Der Spitzenkandidat der Berliner Grünen, Werner Graf, will den Autoverkehr in Berlin weiter reduzieren, um weniger Unfallopfer und geringere Feinstaubbelastung zu erreichen, und fordert eine gerechte Aufteilung des öffentlichen Raums mit dem Ziel, dass Verkehrsmittel wie Rad, Bahn und Bus stärker genutzt werden.

Was war der Auslöser für den Vorfall?

  • Zu viele Unfallopfer und große Probleme mit der Feinstaubbelastung in der Stadt
  • Jahrzehntelang Politik ausschließlich für den Autoverkehr
  • Kritik an der „Auto-First-Politik“ der CDU, die dazu führt, dass vor allem Autofahrer im Stau stehen
  • Notwendigkeit, den Platz im öffentlichen Raum gerecht aufzuteilen

Wie hat die Öffentlichkeit oder Politik reagiert?
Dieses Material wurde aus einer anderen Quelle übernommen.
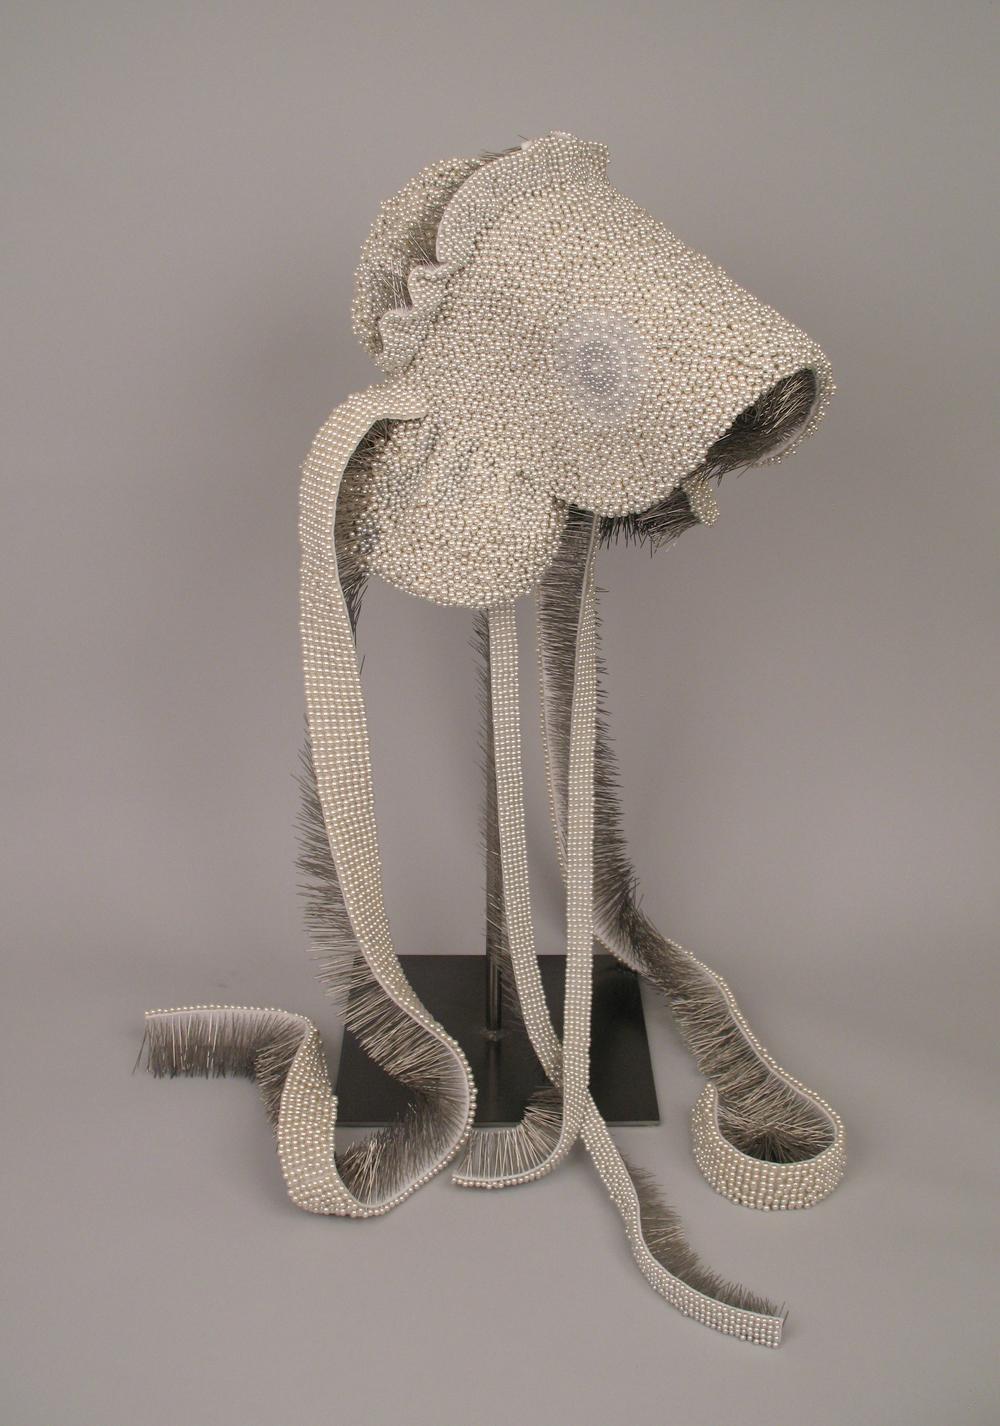 "Seer Bonnet IX (Sylvia)  19,952 pearl corsage pins, fabric, steel, 28.5"" x 12"" x 15"", 2010"

  • Keine Reaktion von Politik, Öffentlichkeit oder Medien wird beschrieben

Welche Konsequenzen werden genannt?

  • Weniger Autoverkehr in der Stadt
  • Reduktion von Unfallopfern durch mehr Verkehrssicherheit
  • Verringerung der Feinstaubbelastung in der Stadt
  • Gerechtere Aufteilung des öffentlichen Raums
  • Verlässlicherer und sichererer Verkehr für alle Verkehrsmittel
  • Autos müssen im Straßenraum ihren Platz teilweise abgeben
  • Entlastung vom Stau und bessere Verkehrsflüsse durch mehr Umstieg auf Fahrrad sowie Bus und Bahn
  • Strengere Vorgaben für verkehrsberuhigende Maßnahmen, die belastbar ermittelt werden müssen
  • Berücksichtigung der Auswirkungen auf Anwohner, Wirtschaftsverkehr und angrenzendes Gewerbe
  • Zusätzliche Belastungsfaktoren für Polizei, Feuerwehr und Rettungsdienste müssen besonders ermittelt werden

Gibt es bereits eine Stellungnahme?

Ja — Werner Graf wird mit mehreren wörtlichen Stellungnahmen zitiert („Wir wollen weniger Autoverkehr in der Stadt…“; „Jahrzehntelang ist in Berlin…“ usw.).